§ Exercise requirements
In the copy, include exactly the lines from the one with "Vintage H. Fox" through the end of the data and no others, both ends kept, with every picture left out.

§ Given material
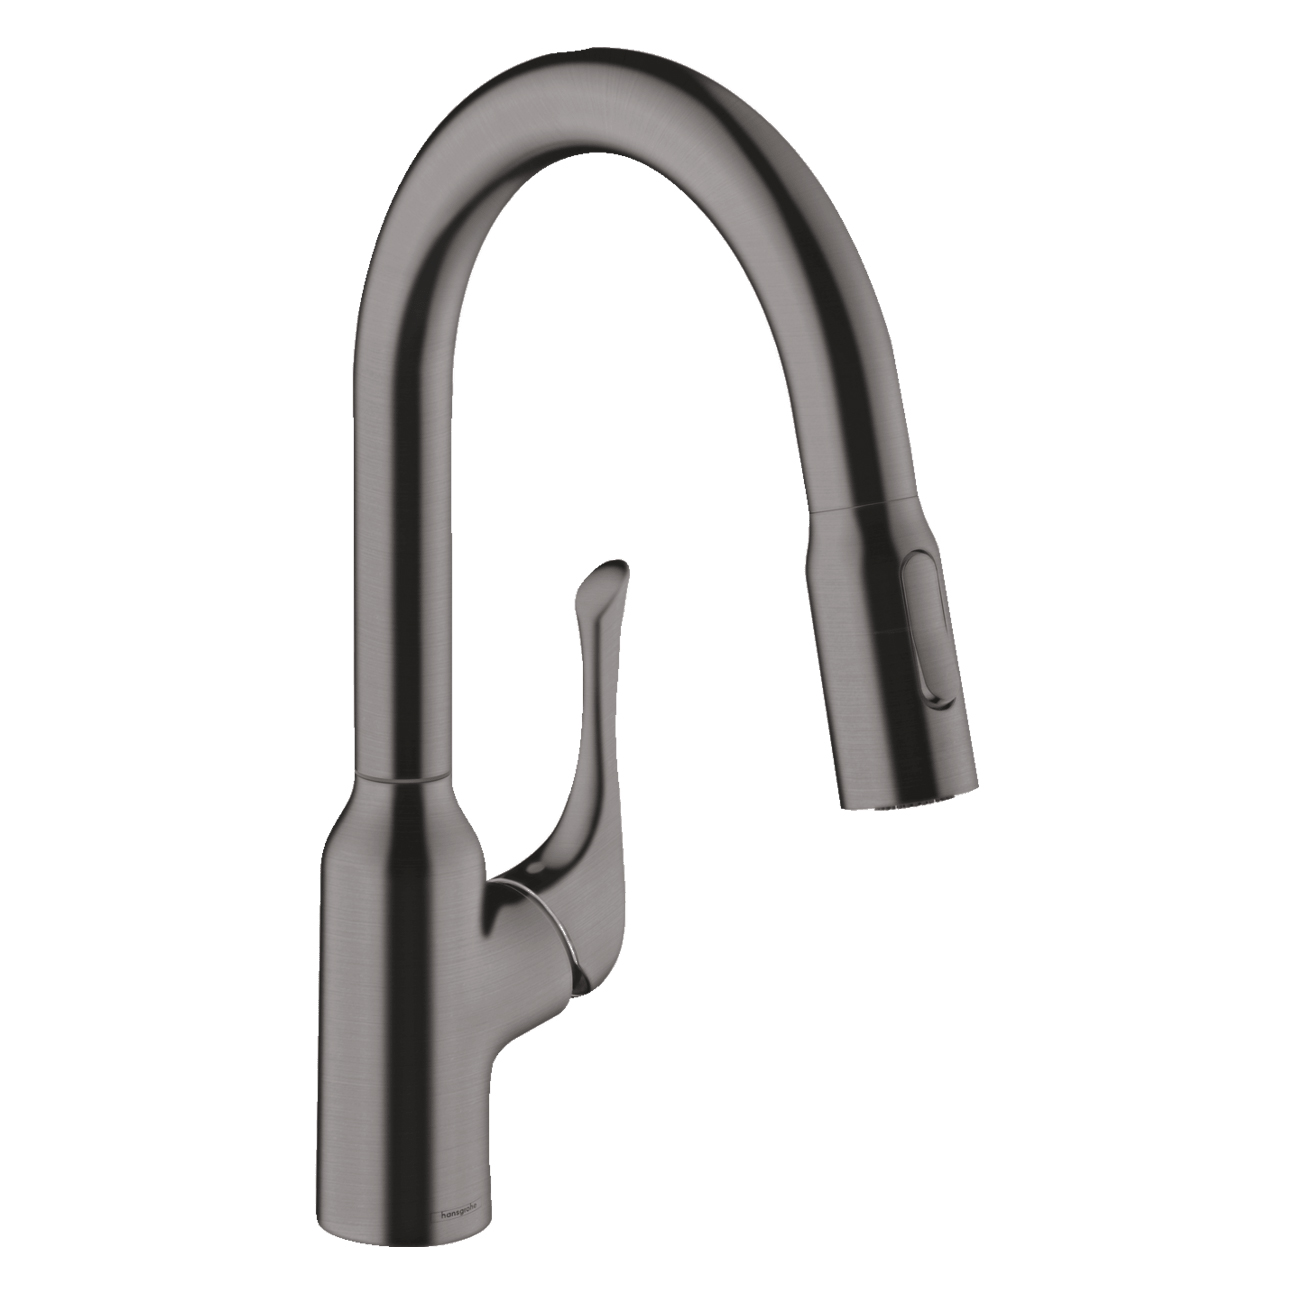 Allegro N Pull-Down Prep Kitchen Faucet in Brushed Black Chrome, 1.75 gpm
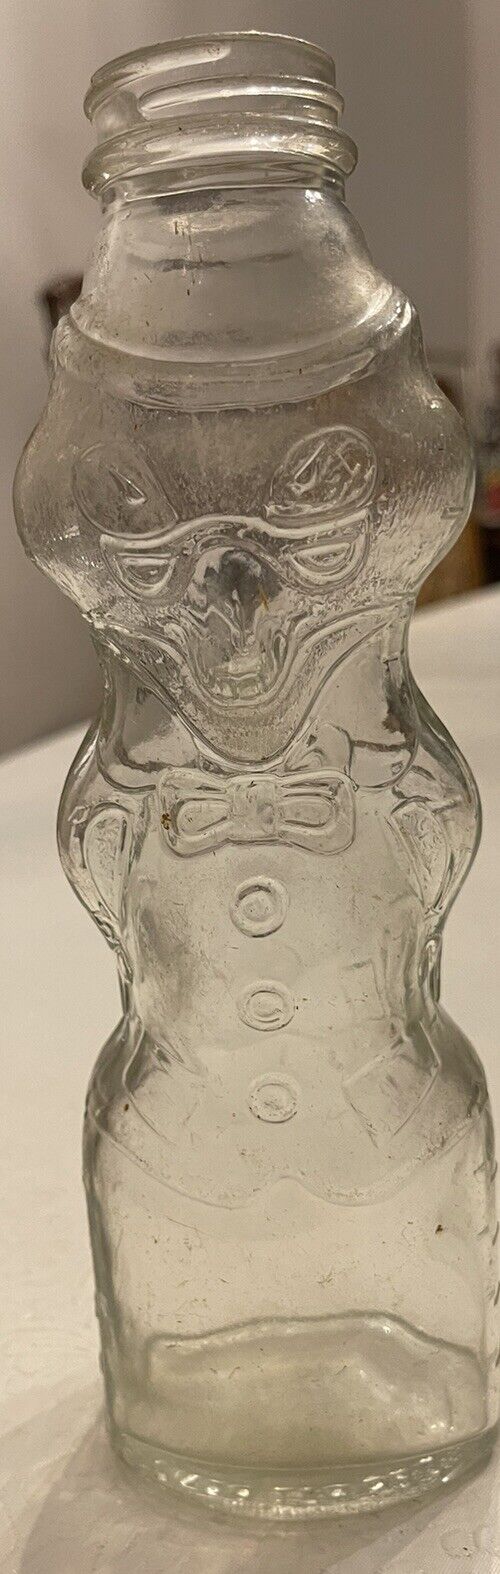 Vintage H. Fox & Co Glass Clown Bottle Figural Double Sided No Screw Top
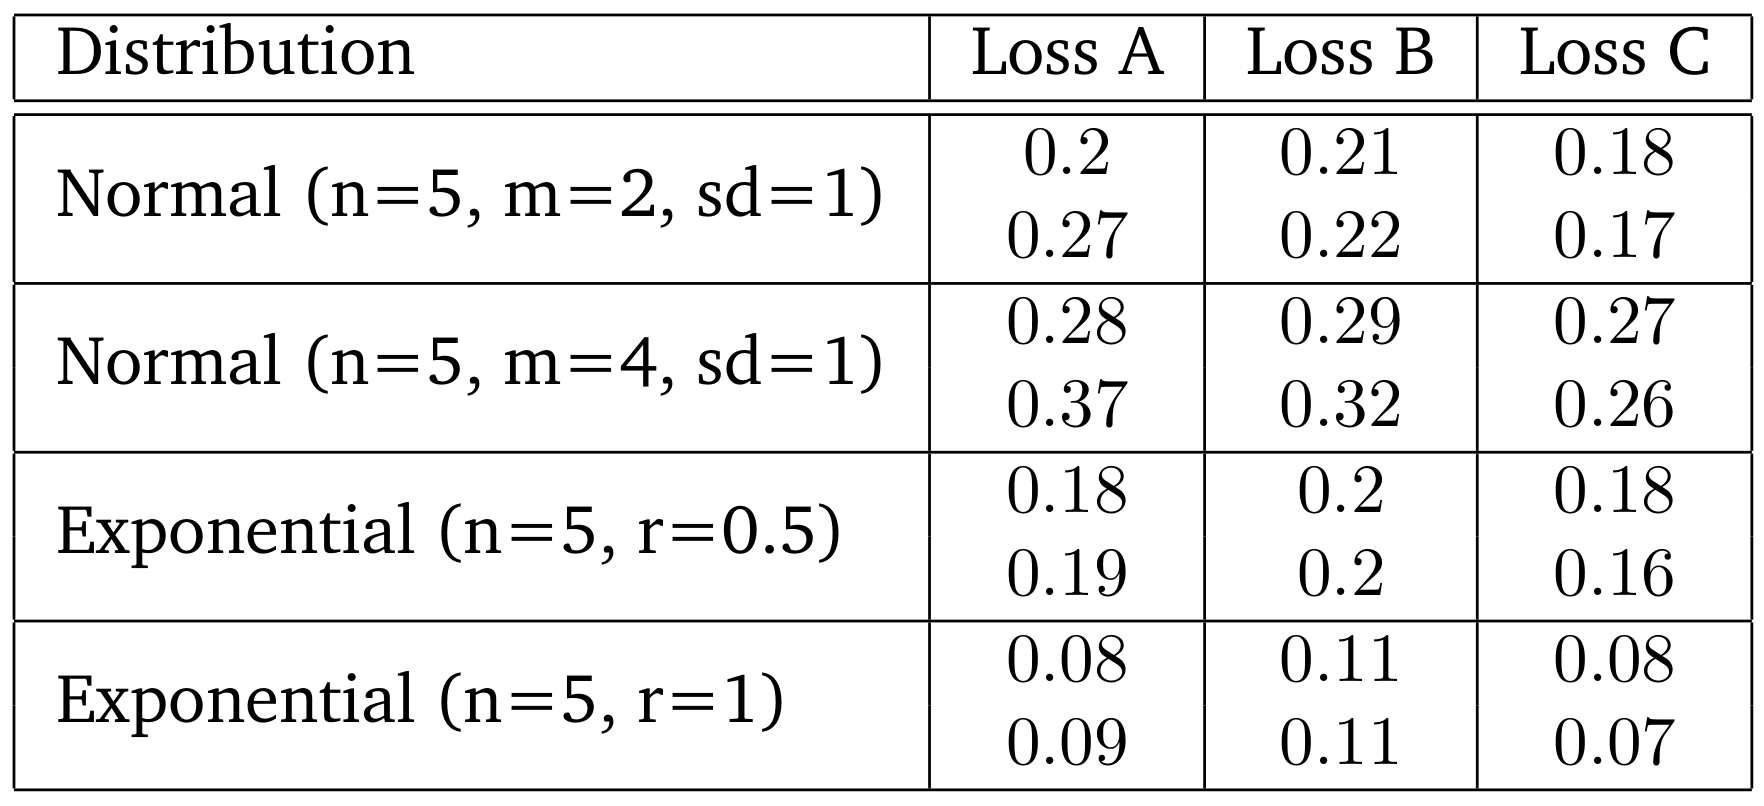 Table 2: Percentages of bifurcations and root-bifurcations given the parametricized simulations

§ Your response
 Vintage H. Fox & Co Glass Clown Bottle Figural Double Sided No Screw Top
 Table 2: Percentages of bifurcations and root-bifurcations given the parametricized simulations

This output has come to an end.